For these reasons, defendant's motion for Rule 37(c)(1) sanctions is denied and it is recommended that the court's amended scheduling order be modified to allow plaintiff the opportunity to depose the three non-retained expert witnesses plaintiff intends to call at trial.

Accordingly, it is hereby ORDERED that:

1. Defendant's motion for exclusionary sanctions pursuant to Federal Rule of Civil Procedure ("Rule") 37(c)(1), ECF No. 51, is denied.

2. Plaintiff's motion to strike, ECF No. 60, is denied.

3. Plaintiff's motion for sanctions, ECF No. 60, is denied.

Further, it is hereby RECOMMENDED that:

a. The last day to hear dispositive motions, currently set for August 7, 2014, be continued to November 13, 2014.

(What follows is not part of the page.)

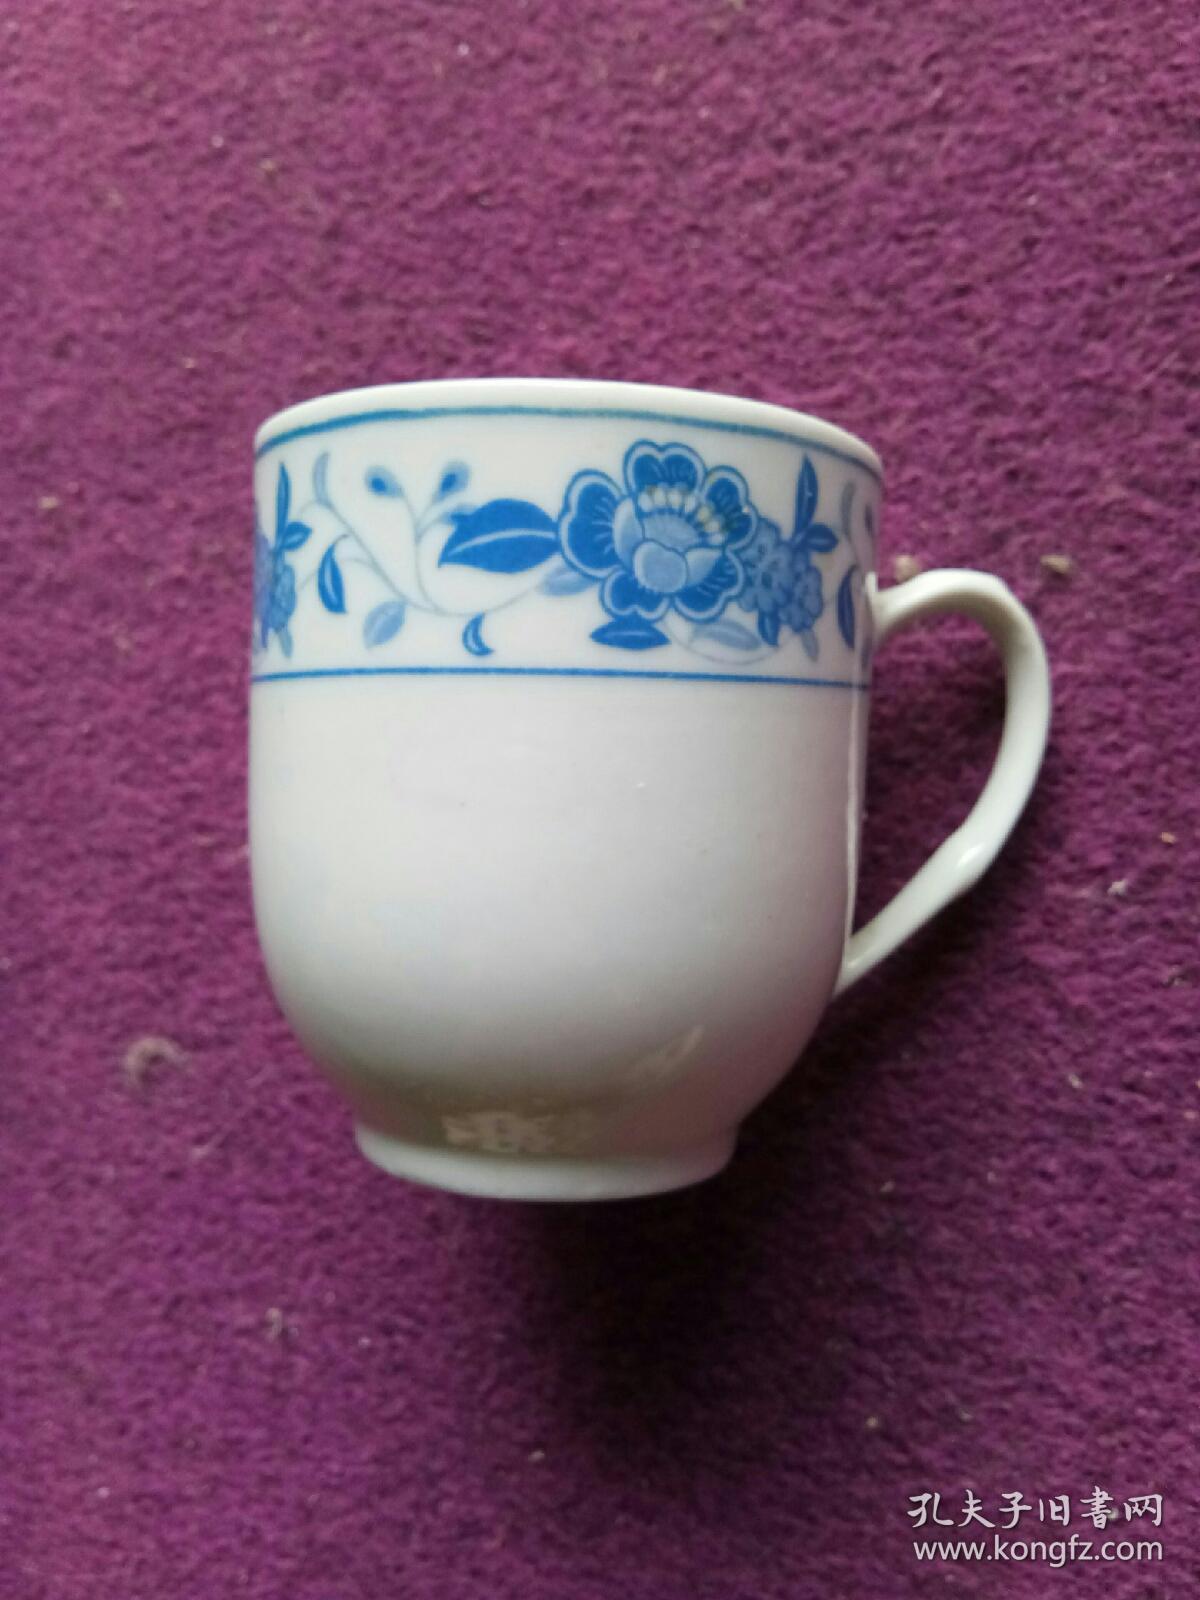 上世纪八十年代湖南醴陵瓷醴陵国光大茶杯，完整少见。品相好，老陶瓷老货。杯口直径8.5厘米，高度9.3厘米。

b. The December 4, 2014, Final Pretrial Conference be continued to April 2, 2015, at 2:00 p.m. in Courtroom No. 7.

c. The Joint Final Pretrial Statement be due not later than March 12, 2015.

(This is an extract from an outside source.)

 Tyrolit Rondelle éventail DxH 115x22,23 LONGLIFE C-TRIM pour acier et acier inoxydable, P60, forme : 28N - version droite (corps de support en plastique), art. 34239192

d. Any evidentiary or procedural motion be filed by March 12, 2015. Oppositions be filed by March 19, 2015, and any reply be filed by March 26, 2015.

e. The January 26, 2015 trial be continued to May 4, 2015, at 9:00 a.m. in Courtroom No. 7 and the parties be directed to file trial briefs not later than March 12, 2015.

These findings and recommendations are submitted to the United States District Judge assigned to the case, pursuant to the provisions of 28 U.S.C. ยง 636(b)(1). Within two days after being served with these findings and recommendations, any party may file written objections with the court and serve a copy on all parties. Such a document should be captioned "Objections to Magistrate Judge's Findings and Recommendations." Failure to file objections within the specified time may waive the right to appeal the District Court's order. Turner v. Duncan, 158 F.3d 449, 455 (9th Cir. 1998); Martinez v. Ylst, 951 F.2d 1153 (9th Cir. 1991).